Listening to the Forest: A Photo Journal of Curiosity and Presence
Listening to the Forest: A Photo Journal of Curiosity and Presence
A fall walk through the forest reveals deer, nurse logs, wild persimmons, and even the most poisonous mushroom in North America. A reflection on slowing down, noticing, and why Ferris Bueller was right.
When I stepped into the woods today, the sound hit me first. Crickets were already in full voice, loud and insistent, like the nighttime chorus turned on early. Their rhythm pulsed like the hiss on a vinyl record, filling every quiet space. A woodpecker hammered in the distance, a blue jay sang its clear four-note whistle, and above it all, planes traced their arcs across the sky. The forest became a layered soundstage, and I let it wash over me like music.
The air was heavy with humidity, almost still, like a blanket.
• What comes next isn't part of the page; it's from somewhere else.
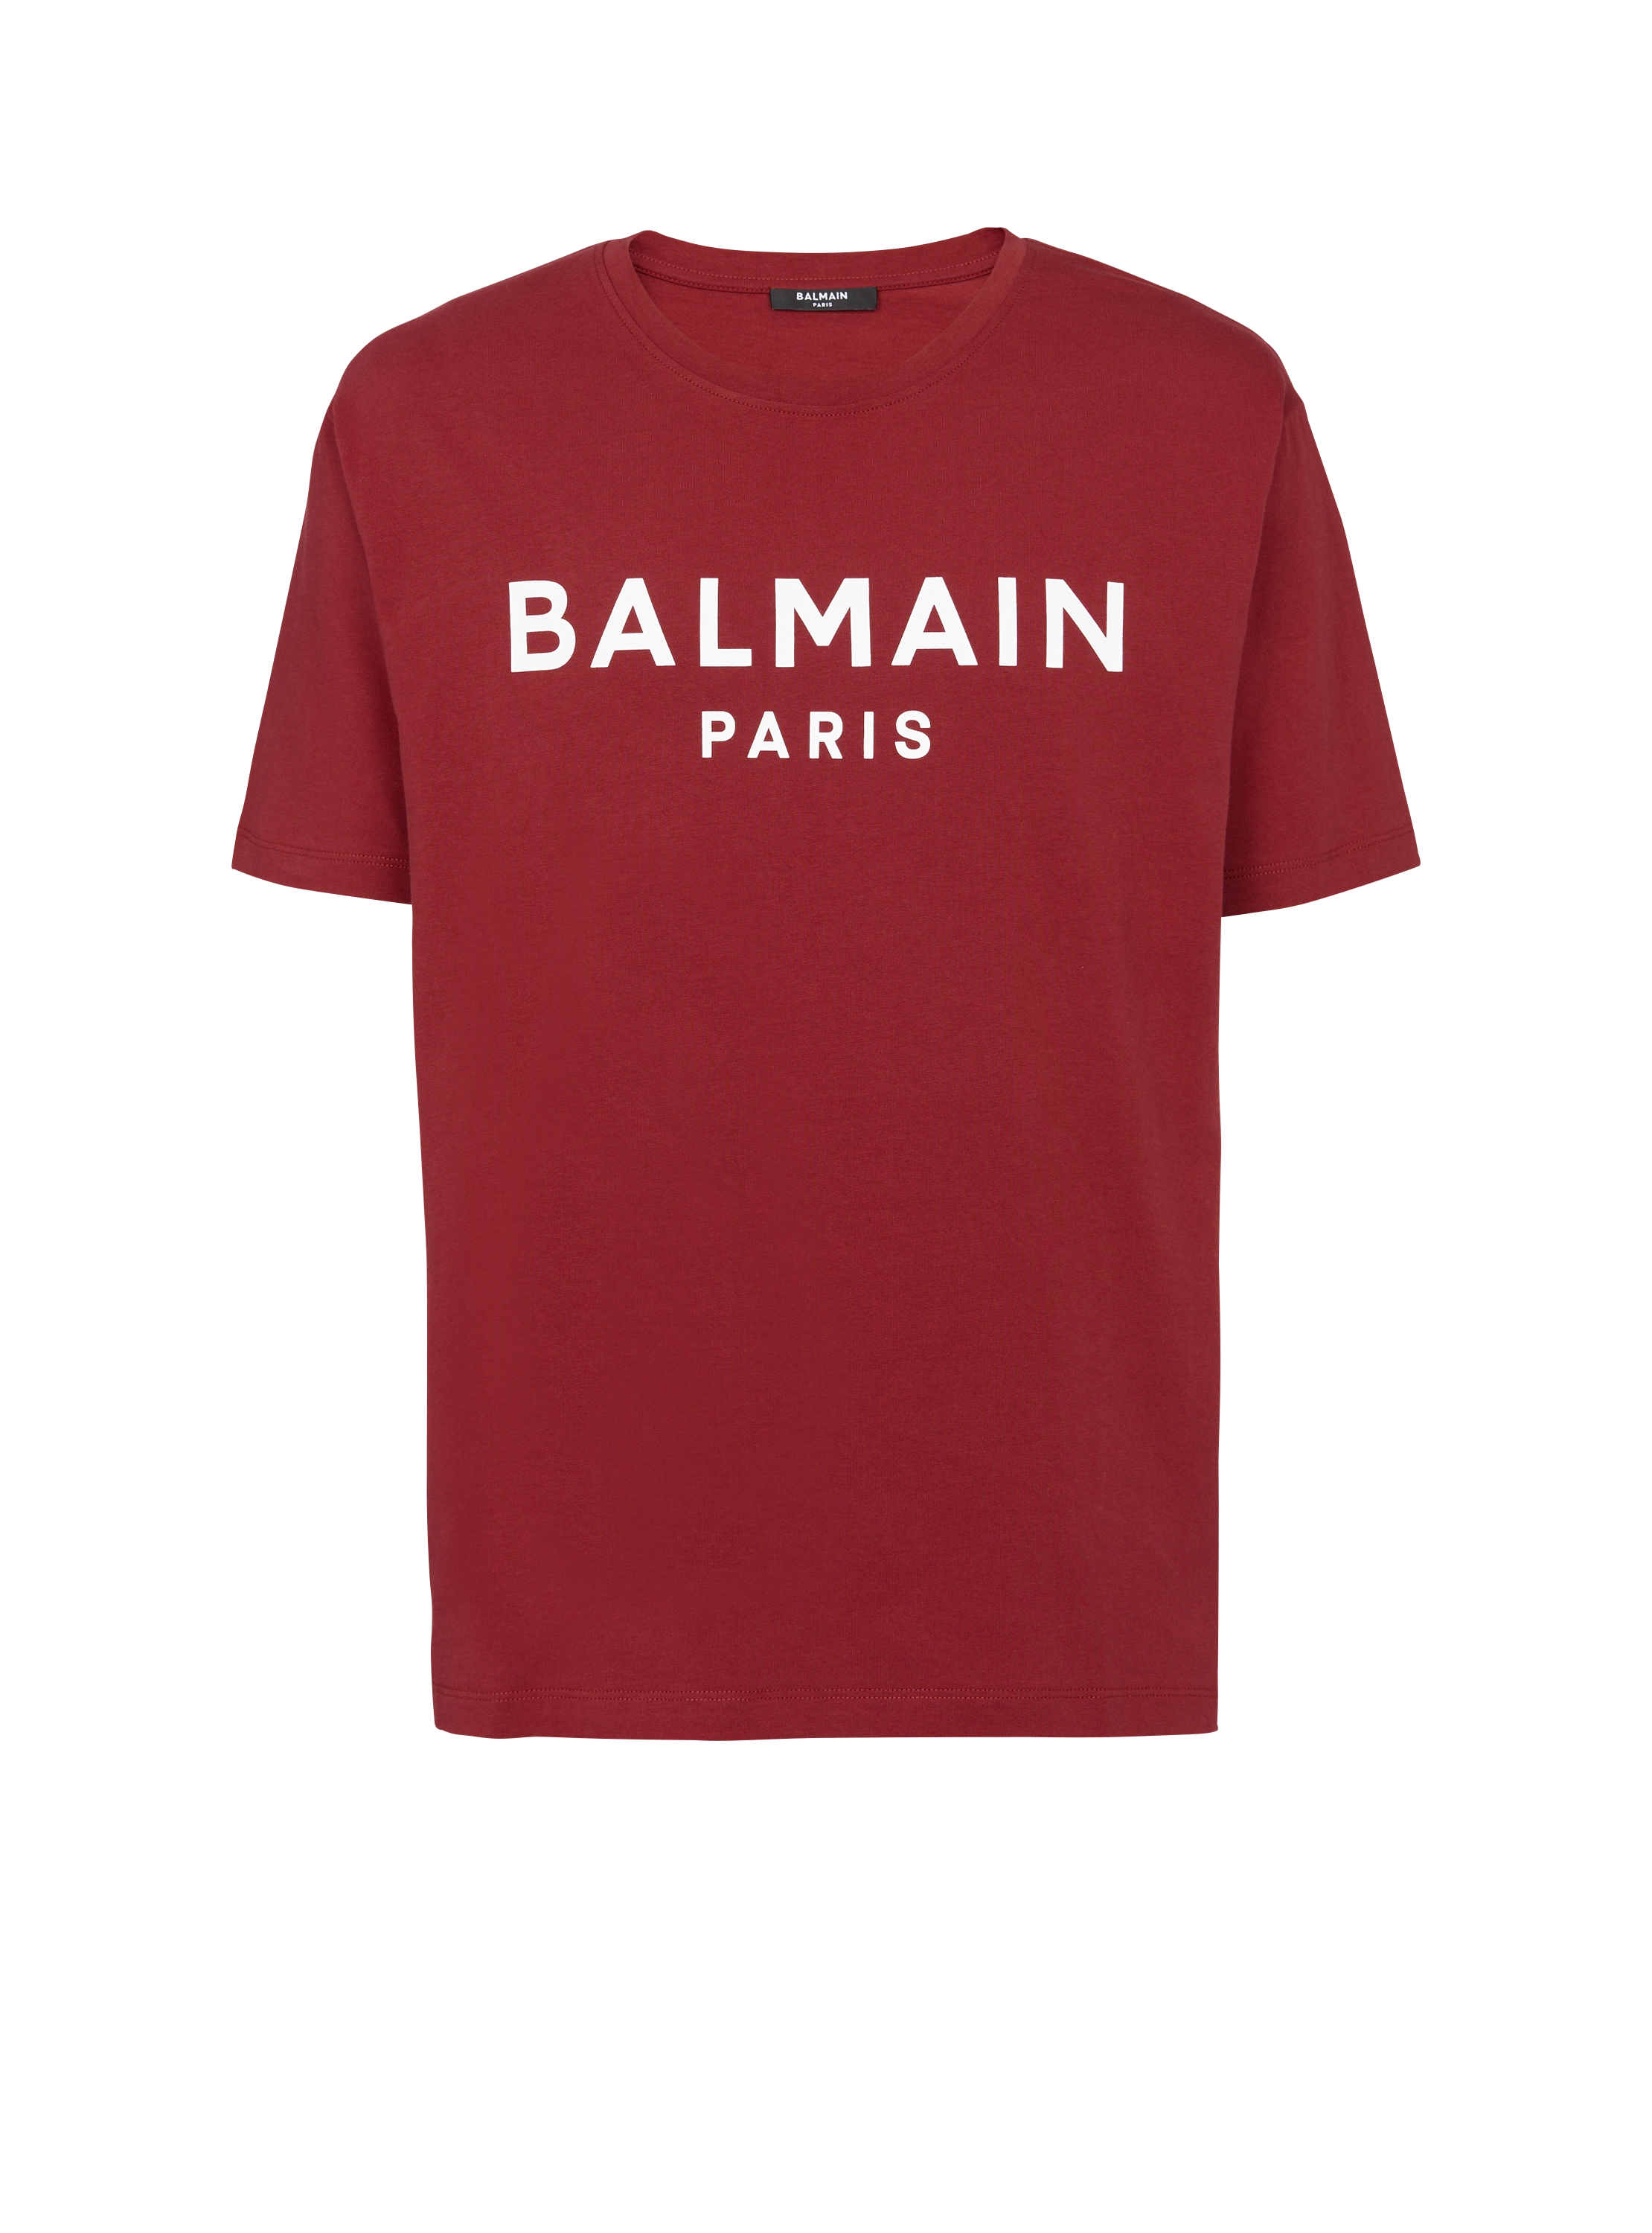 Balmain Paris T-shirt, red, hi-res

Near the stream the air carried a fragrance like saffron, not spice pulled from crocus, but something wild the woods had conjured, an unexpected perfume rising from damp earth and golden blossoms.
My friends. They trusted me enough to let me pass without running away, though I startled them later on the trail.
Everywhere, the forest told its stories.
A fallen giant, now a nurse log. As it decays, it holds water like a sponge, slowly releasing moisture to the forest floor. Mosses, fungi, and insects thrive in its bark. Seeds germinate on its back, feeding on the rich nutrients of the rotting wood. In time, saplings will grow from it, nourished by the very tree that once towered above them.
A single leaf suspended by spider silk, floating, delicate, held by invisible threads.
People and their egos: “I was here.” Do not do this. The tree already exists without our scars. On smooth beech bark, these carvings last for decades, long after the people who made them have forgotten.
A Destroying Angel, one of the most poisonous mushrooms in North America. Beautiful, ghostly, and deadly.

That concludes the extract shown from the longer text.